Милая, счастливая улыбка на ее лице исчезает. Она быстро моргает, и на мгновение кажется, что у моей храброй Эммы вот-вот снова потекут слезы из глаз.
— О, Зор. Нам нужно поговорить, тебе и мне. — Она кладет коробку с леденцами, ее разум излучает нежелание и грусть.
Я немедленно принимаю свою двуногую форму и подаюсь вперед, чтобы крепко прижать ее к себе в одном из тех объятий, которые ей так нравятся — и которые всегда так приятно
«О чем ты хочешь поговорить?»
Она выскальзывает из моей хватки и складывает руки перед собой, задумавшись.

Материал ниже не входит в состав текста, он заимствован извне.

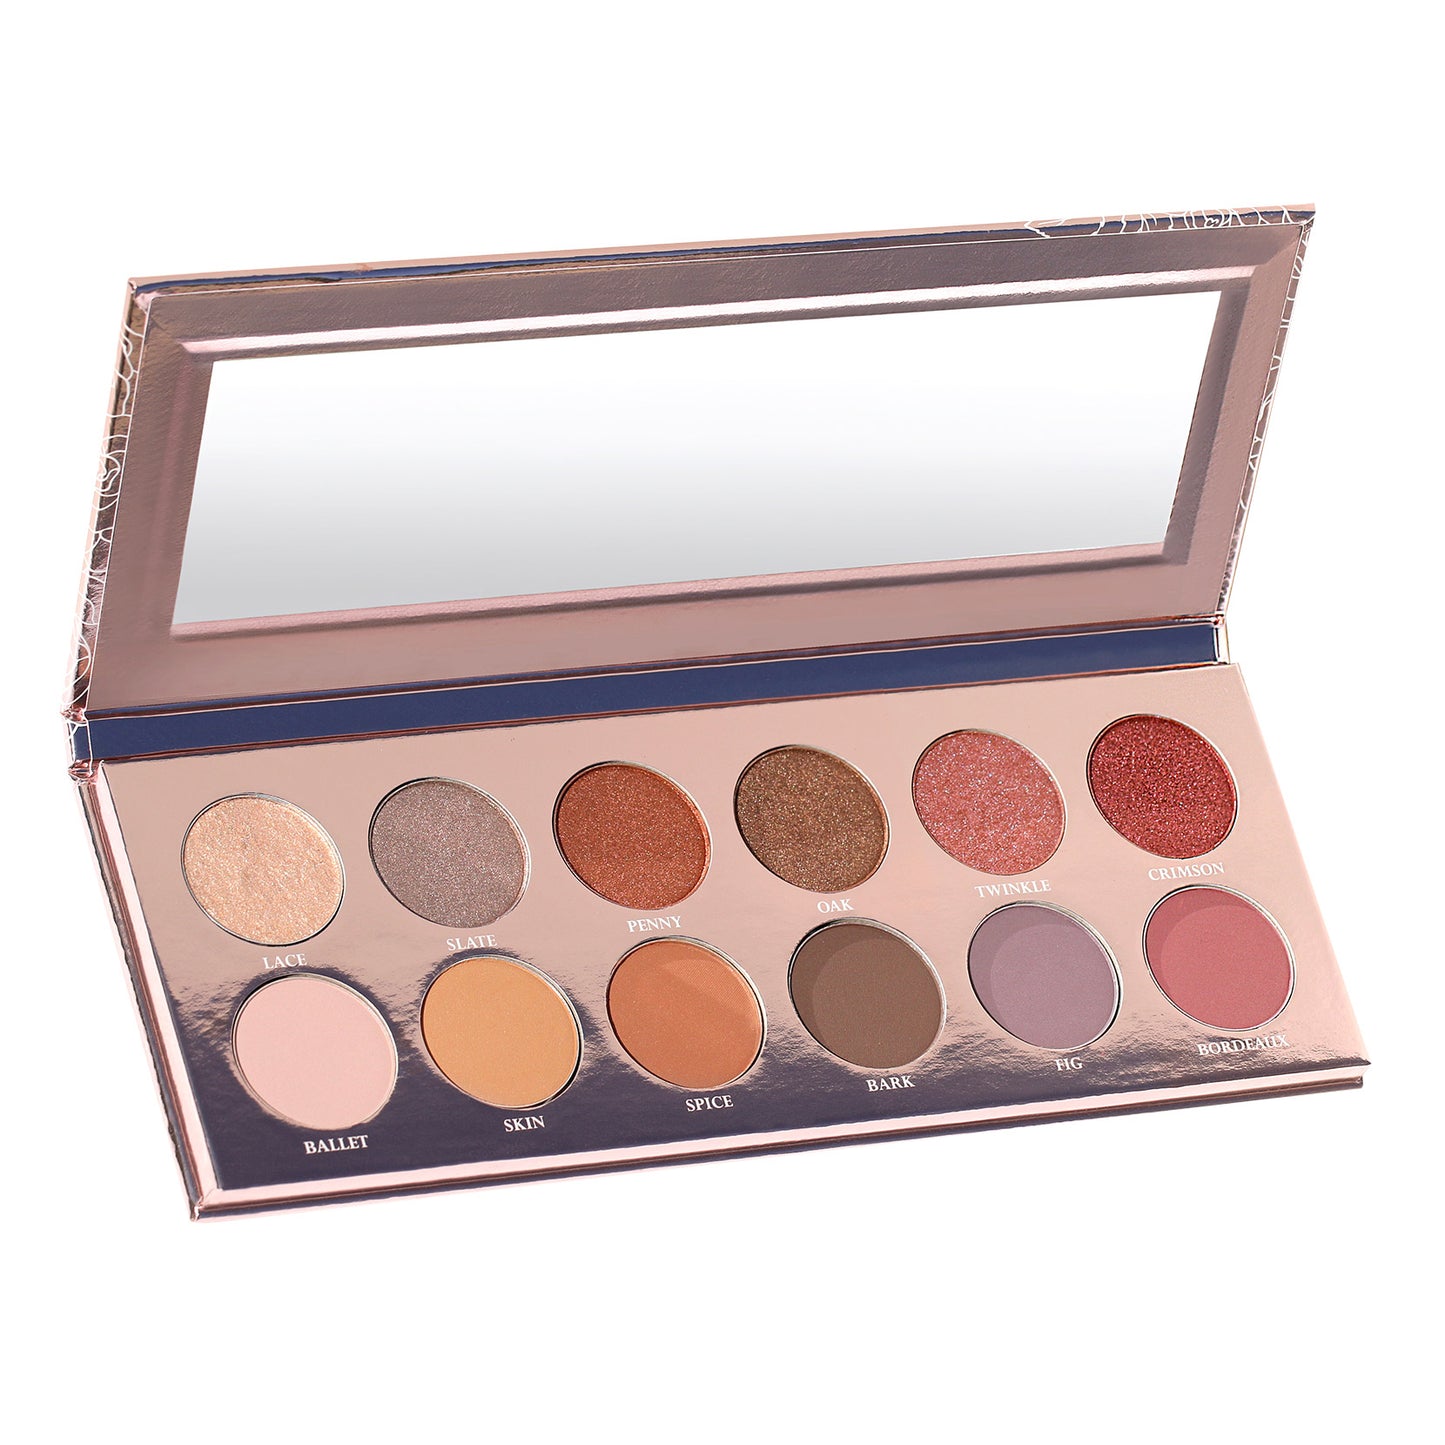 Girlactik Essential Eye Shadow Palette: A Must-Have for Every Makeup Enthusiast

— Как… Черт возьми, это тяжело. Пожалуйста, пойми, что это не из-за тебя, Зор. Ты потрясающий. Я не хочу, чтобы ты думал, что с тобой что-то не так. — Она делает паузу, и ее мысли заканчивают то, что она не может сказать вслух.
Она расстается со мной.
«Я не понимаю, — говорю я ей. — Что это за нарушение, которым мы будем заниматься?»
Ее глаза расширяются.
— Черт. Я всегда забываю, что ты все слышишь. — Эмма вздыхает и выглядит несчастной. — Нам нужно разорвать нашу ментальную связь.
Эмоции захлестывают меня. Отказ. Гнев. Разочарование. Шок. Я чувствую, как безумие проникает в мои мысли, чувствую, как оно проникает глубоко, ослабляя ментальные якоря. «Ты моя».

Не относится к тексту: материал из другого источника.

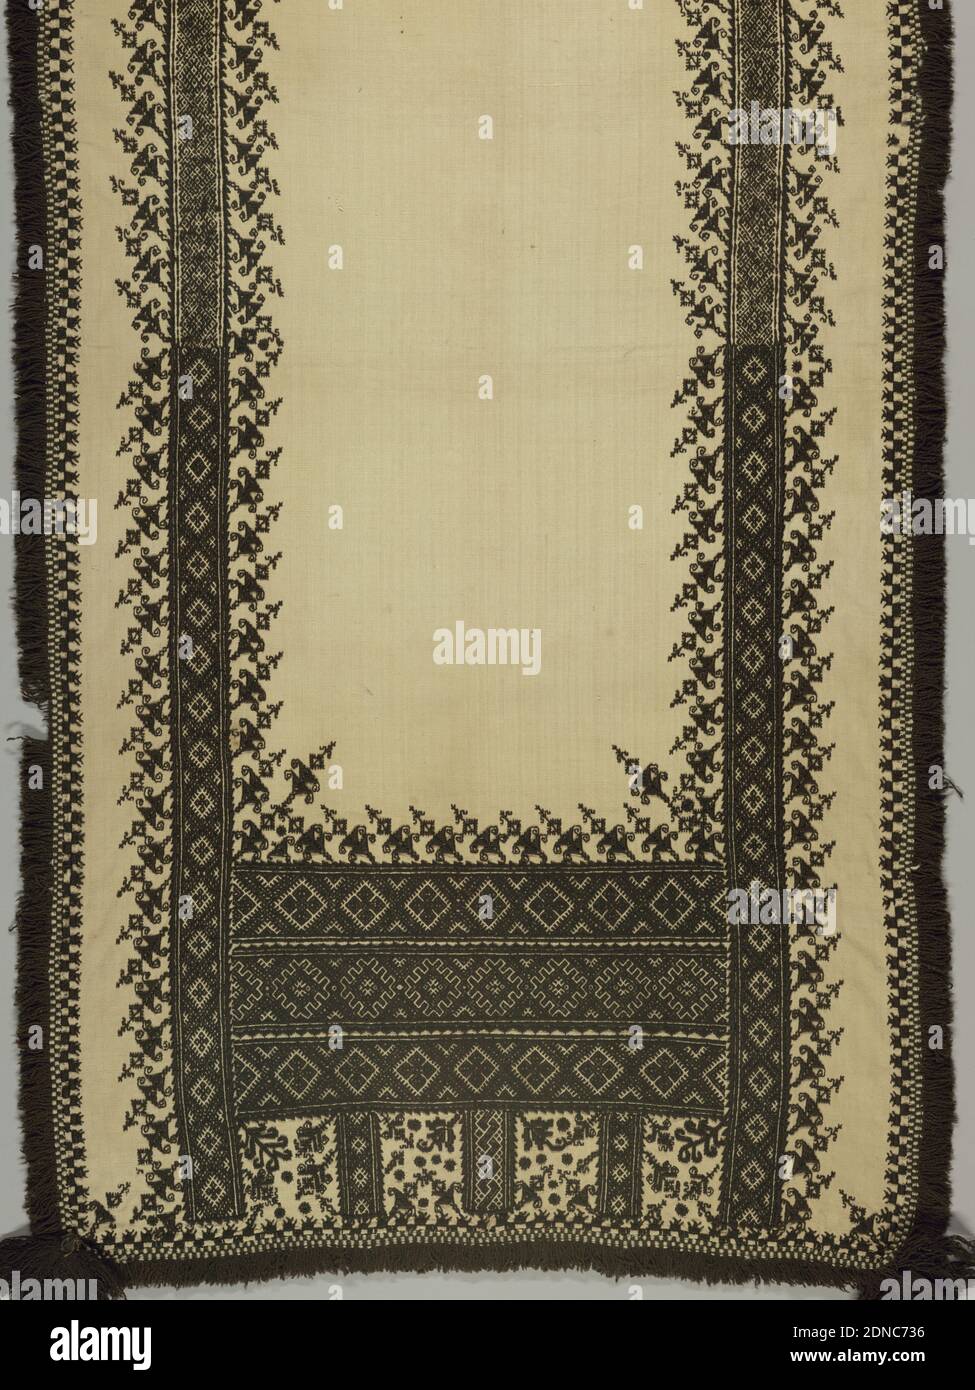 Panel, Medium: linen, wool Technique: embroidered in cross and satin stitch, Oblong panel of heavy cream white hand-woven linen embroidered in black wool and trimmed with fringe of black wool and black tassels at each corner. Borders at side and deep border at end, with a highly stylized plant form, detached and placed at a slant, above borders of geometric forms. Cross and satin stitch., Spain, 18th–early 19th century, embroidery & stitching, Panel Stock Photo

Она вздрагивает, и я понимаю, что яростно вторгаюсь в ее мысли.
— Мне жаль, — шепчет она. — Но я действительно думаю, что так будет лучше.
Если она думает, что так будет лучше, почему ей так грустно? Почему она ведет себя так, как будто это то, чего она хочет меньше всего на свете? Я беру ее прелестное лицо в ладони и изучаю ее. Определенно, у нее потекли слезы из глаз.
— Что значит «нет»?
«Я имею в виду, что нет. Ты принадлежишь мне, Эмма. Ты — мой огонь, моя пара, моя самка. Ты связана с моим духом. Наши умы едины. — Я изучаю ее лицо, нежно глажу по щеке подушечками большого пальца. Когда-то она бы отпрянула от близости моих когтей, но не сейчас. Теперь она сжимает мои запястья и смотрит на меня такими печальными, очень печальными глазами. Такое чувство, что мое здравомыслие уже на пределе. — Я не понимаю, зачем тебе это нужно».
Эмма издает тихий смешок.
— Я этого не хочу. Но так будет лучше всего. — Один палец двигается взад-вперед по моей руке, как будто она не может удержаться, чтобы не прикоснуться ко мне. — Это то, что обеспечит тебе безопасность.
Она делает это… для меня? «Что ты имеешь в виду?»
— Я имею в виду, что если мы не будем связаны, то они не смогут использовать меня, чтобы преследовать тебя. — Ее глаза обеспокоены, печальны. — Я здесь слабое звено. Если ты будешь зависеть от меня, тебе крышка. — Ее пальцы гладят мою кожу, снова и снова. — Когда ты с партнером, ты уязвим…
«Нет, — твердо говорю я ей, яростно вторгаясь своими мыслями в ее сознание. — Это не правда. Ты не делаешь меня уязвимым».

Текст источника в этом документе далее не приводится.